Instructions for the task = Output the full listing below exactly, without the pictures.

START Recorded data

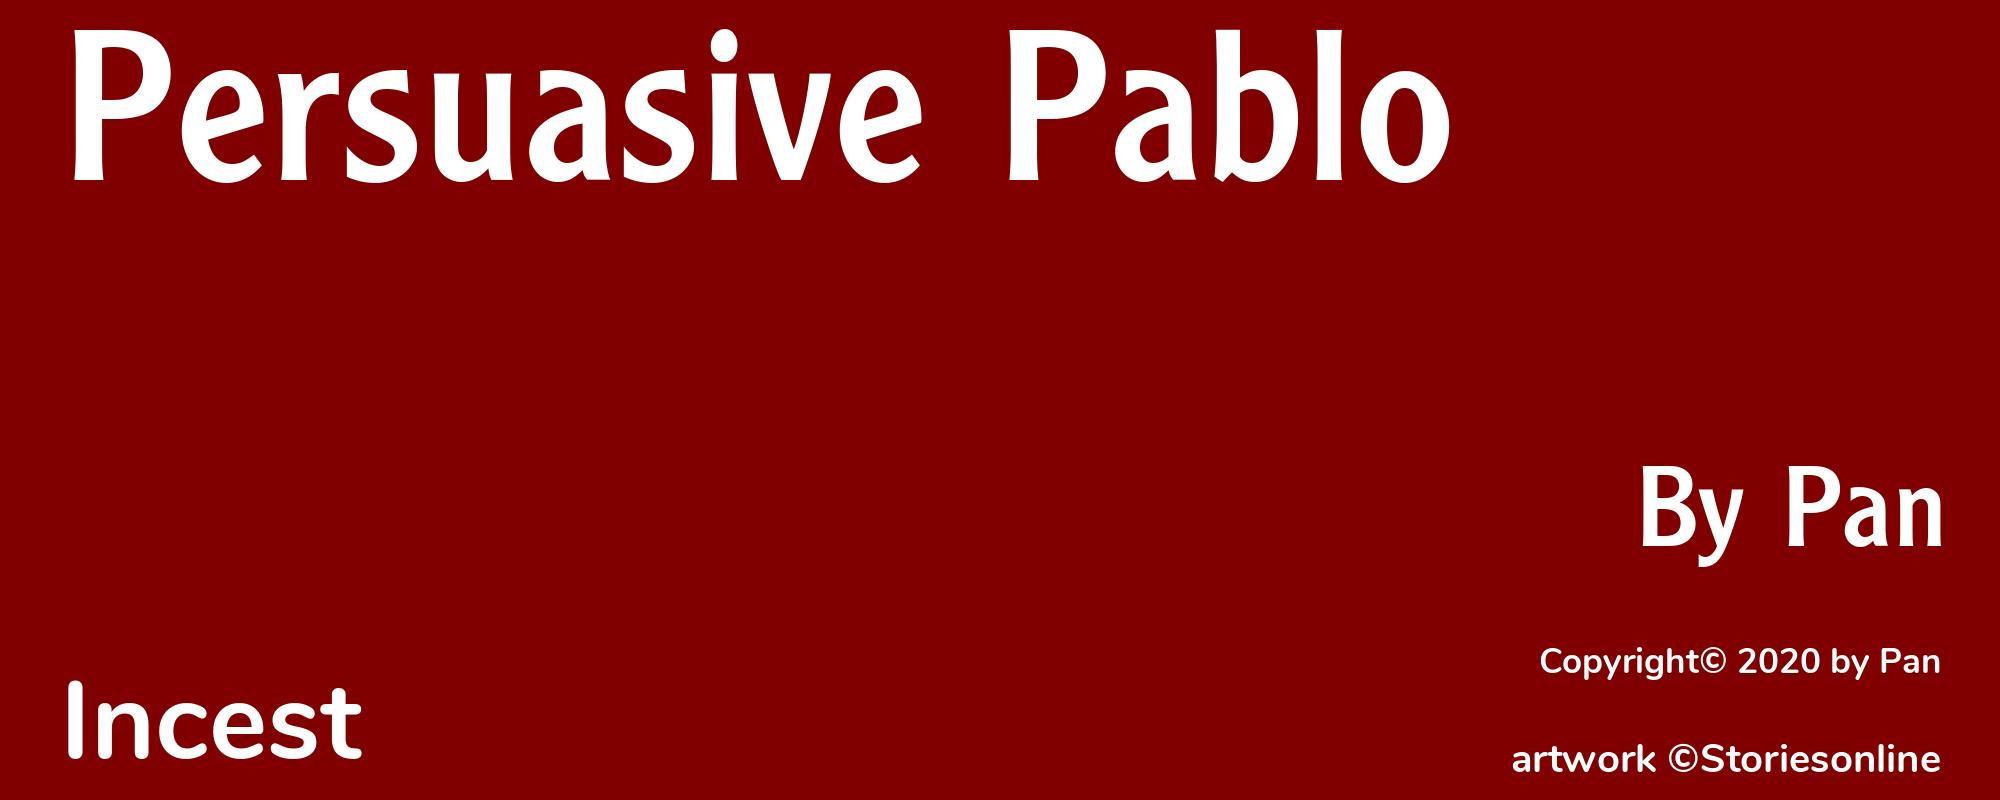 Persuasive Pablo - Cover
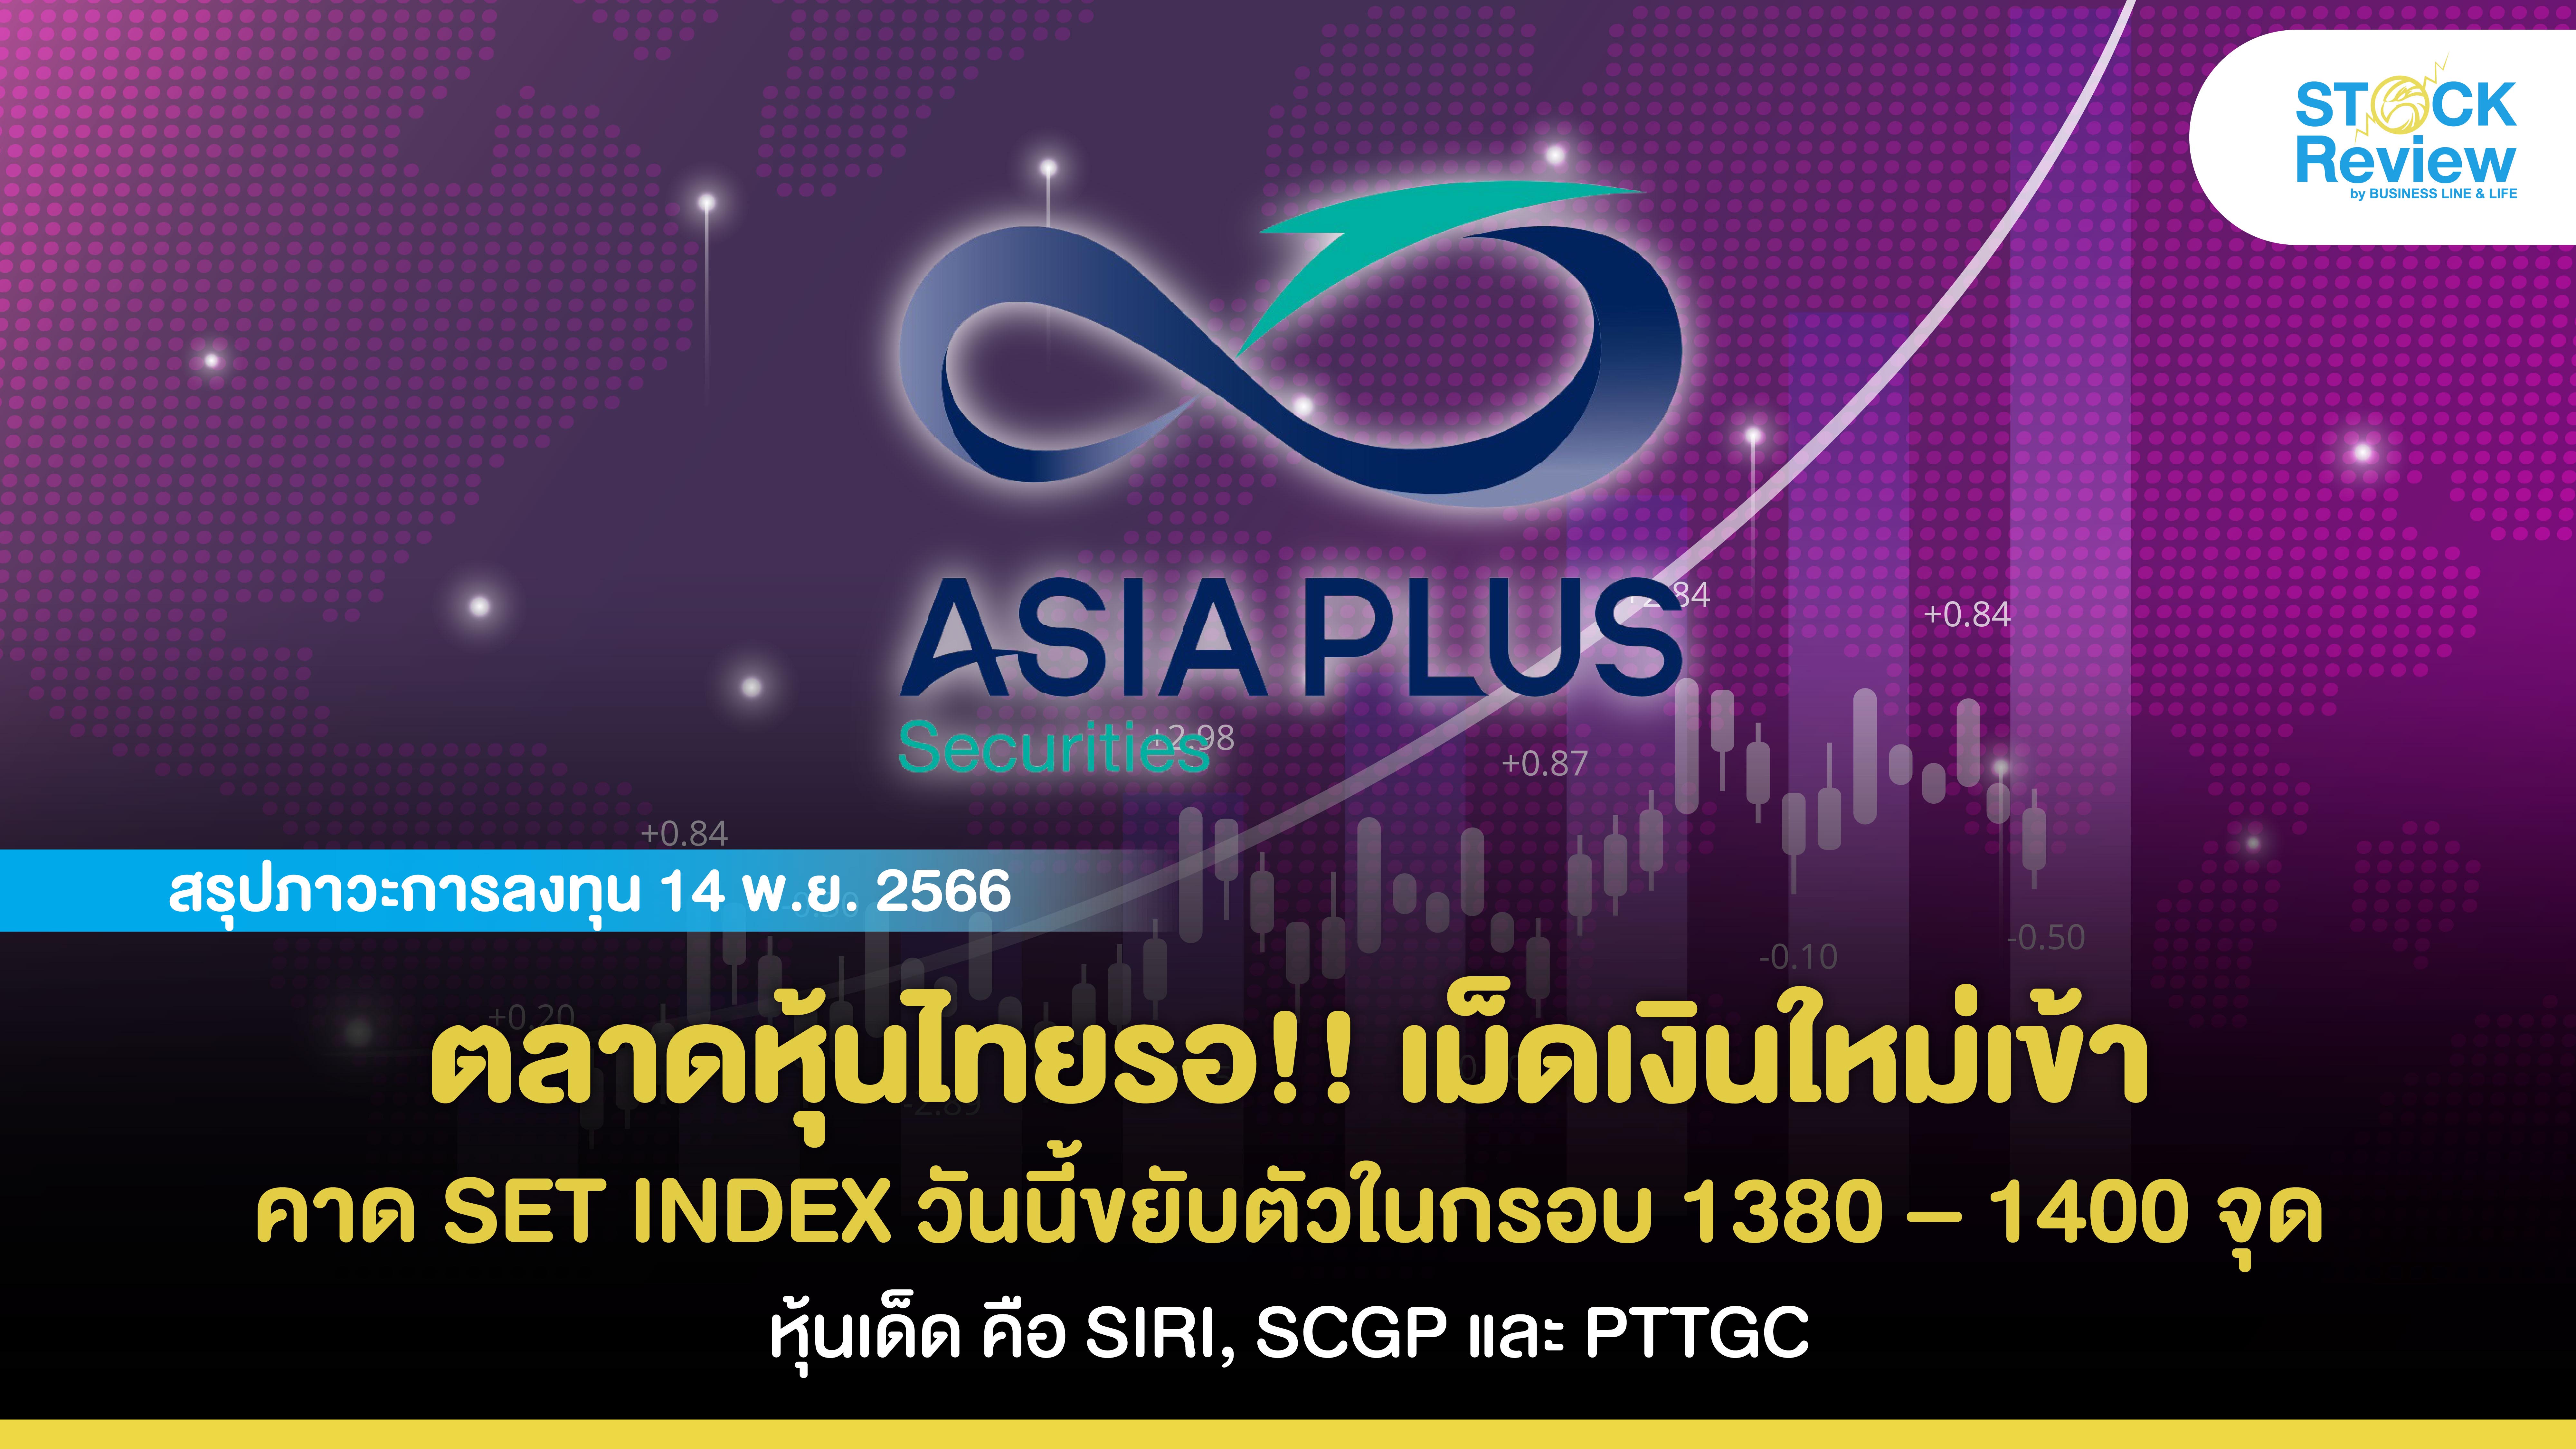 ตลาดหุ้นไทยรอ!! เม็ดเงินใหม่เข้า คาด SET INDEX วันนี้ขยับตัวในกรอบ 1380 – 1400 จุด และหุ้นเด็ด คือ SIRI, SCGP และ PTTGC
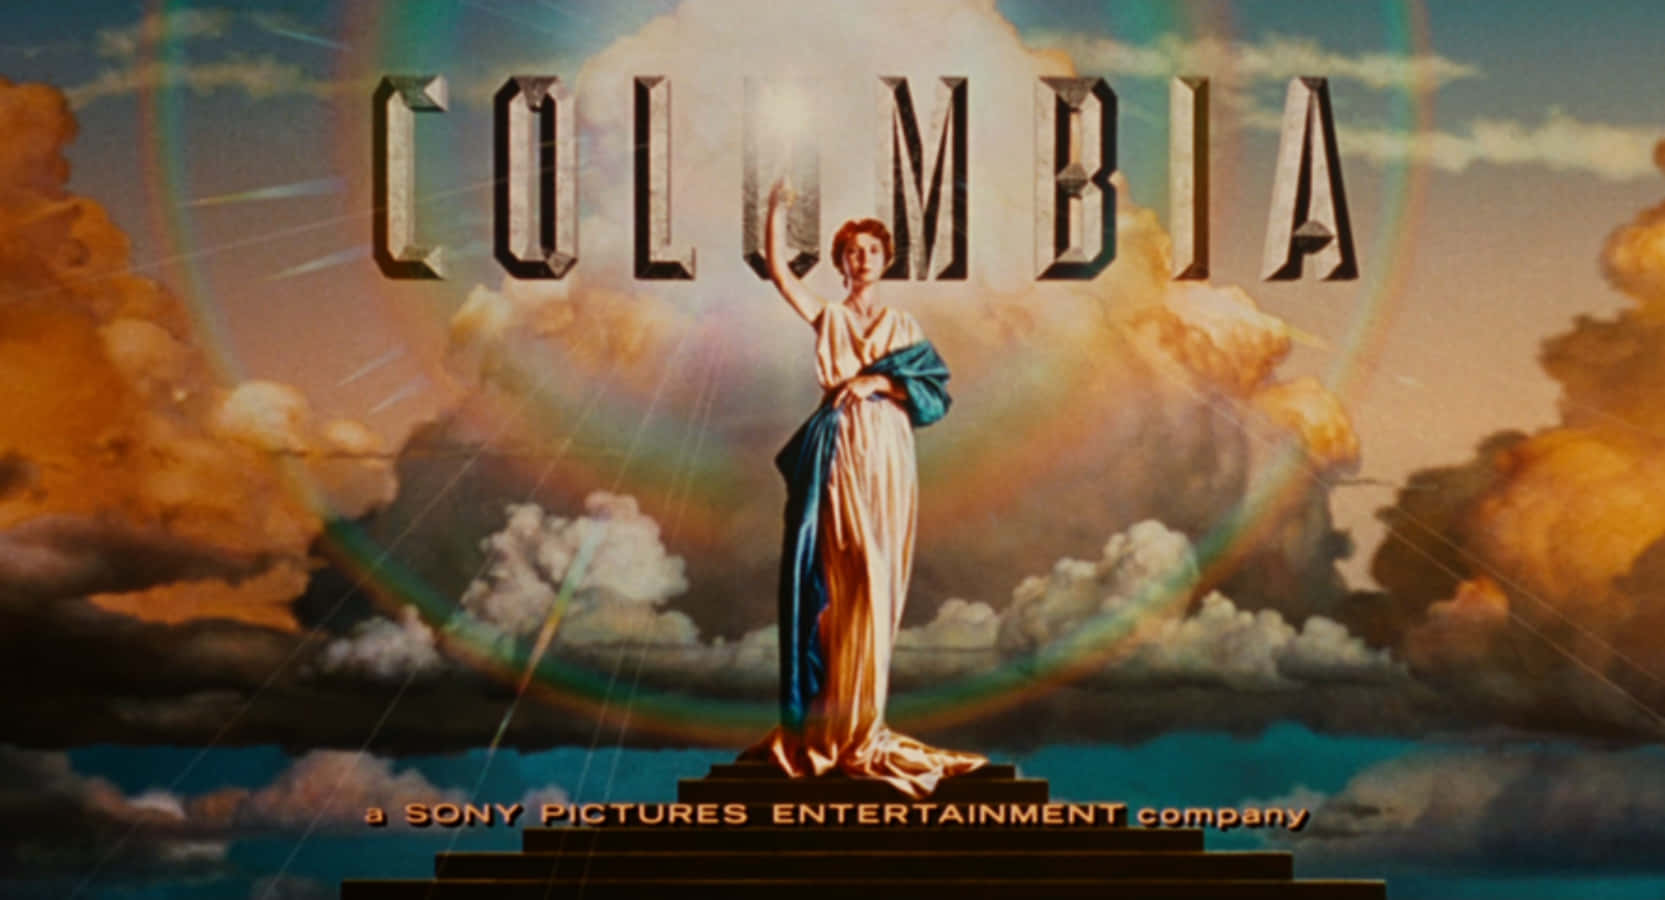 Logotypenför Columbia Pictures På Skärmen.

END Recorded data

Solution =
 Persuasive Pablo - Cover
 ตลาดหุ้นไทยรอ!! เม็ดเงินใหม่เข้า คาด SET INDEX วันนี้ขยับตัวในกรอบ 1380 – 1400 จุด และหุ้นเด็ด คือ SIRI, SCGP และ PTTGC
 Logotypenför Columbia Pictures På Skärmen.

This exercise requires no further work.